4.3. Have to do it yourself

Well, there’s no good solution to this import/export problem right now.

Due to some special requirements, we folk the code of GRPC-Tools and modify the internal implementation to fit our RPC framework. Import_style =commonjs_strict

grpc::string pb_package = file->package(a);if(params.commonjs_strict && ! pb_package.empty()) {
  out->Print("var $module_alias$ = require('$file_path$').$pb_package$; \n"."module_alias".ModuleAlias(file->name()), "file_path", file_path, "pb_package", pb_package);
} else {
  out->Print("var $module_alias$ = require('$file_path$'); \n"."module_alias".ModuleAlias(file->name()), "file_path", file_path);
}
Copy the code

Of course, some other changes need to be made, such as the judgment processing of CLI entry parameters, which will not be pasted here.

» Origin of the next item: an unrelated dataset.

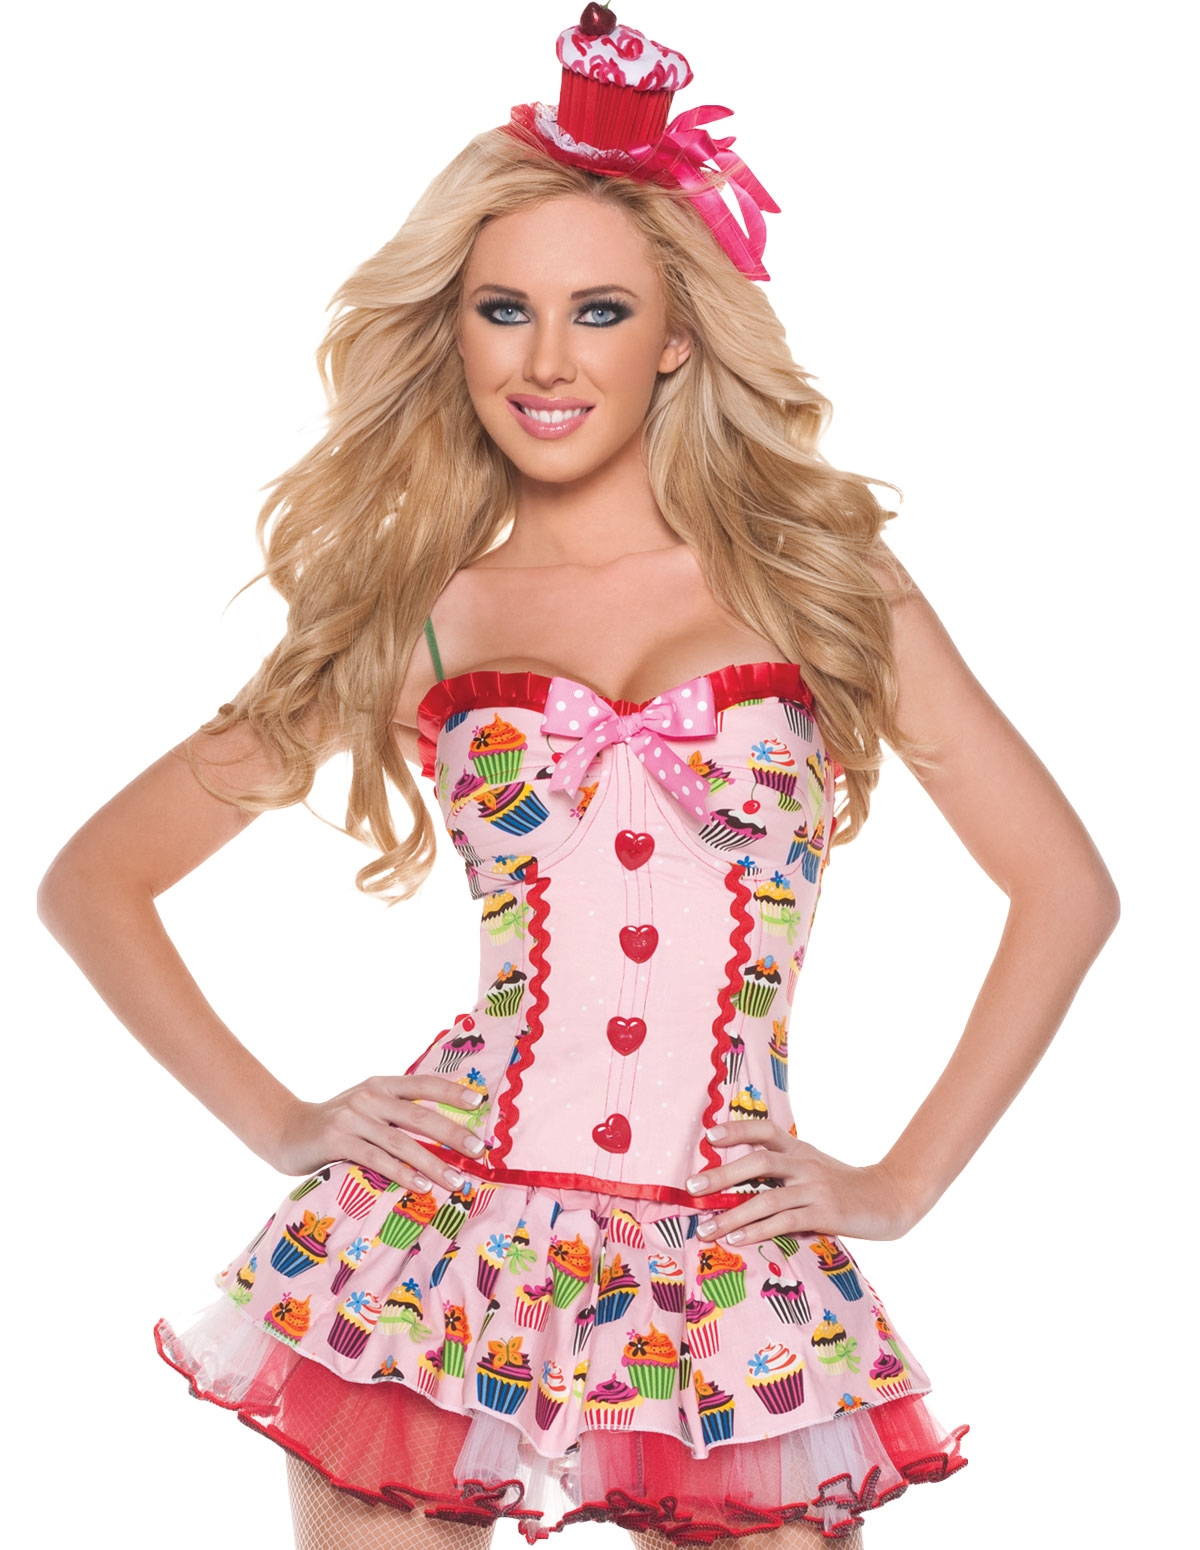 Cupcake Girl Costume

Of course, this is not the only headache, if you use any other protoc plugin to automatically generate.d.ts files, this will also need to be matched to import_style=commonjs_strict.

5, the last

This paper mainly records a gRPC related error troubleshooting process. It includes the whole process of finding out the cause, putting forward the solution idea and finally repairing.

Troubleshooting is something every engineer has to deal with on a regular basis, and it’s often challenging. Often these problems are small and the fix is just a few lines of code. The process of removing obstacles, accompanied by the use of all kinds of knowledge or technical points, from the appearance to the truth, the whole process is the unique pleasure of engineers.

In article writing, compared with introducing a technical point, it is often more difficult to write a good obstacle elimination article, so I also want to challenge myself.

The article content has a companion demo code that can be used to help you understand the problems in the article.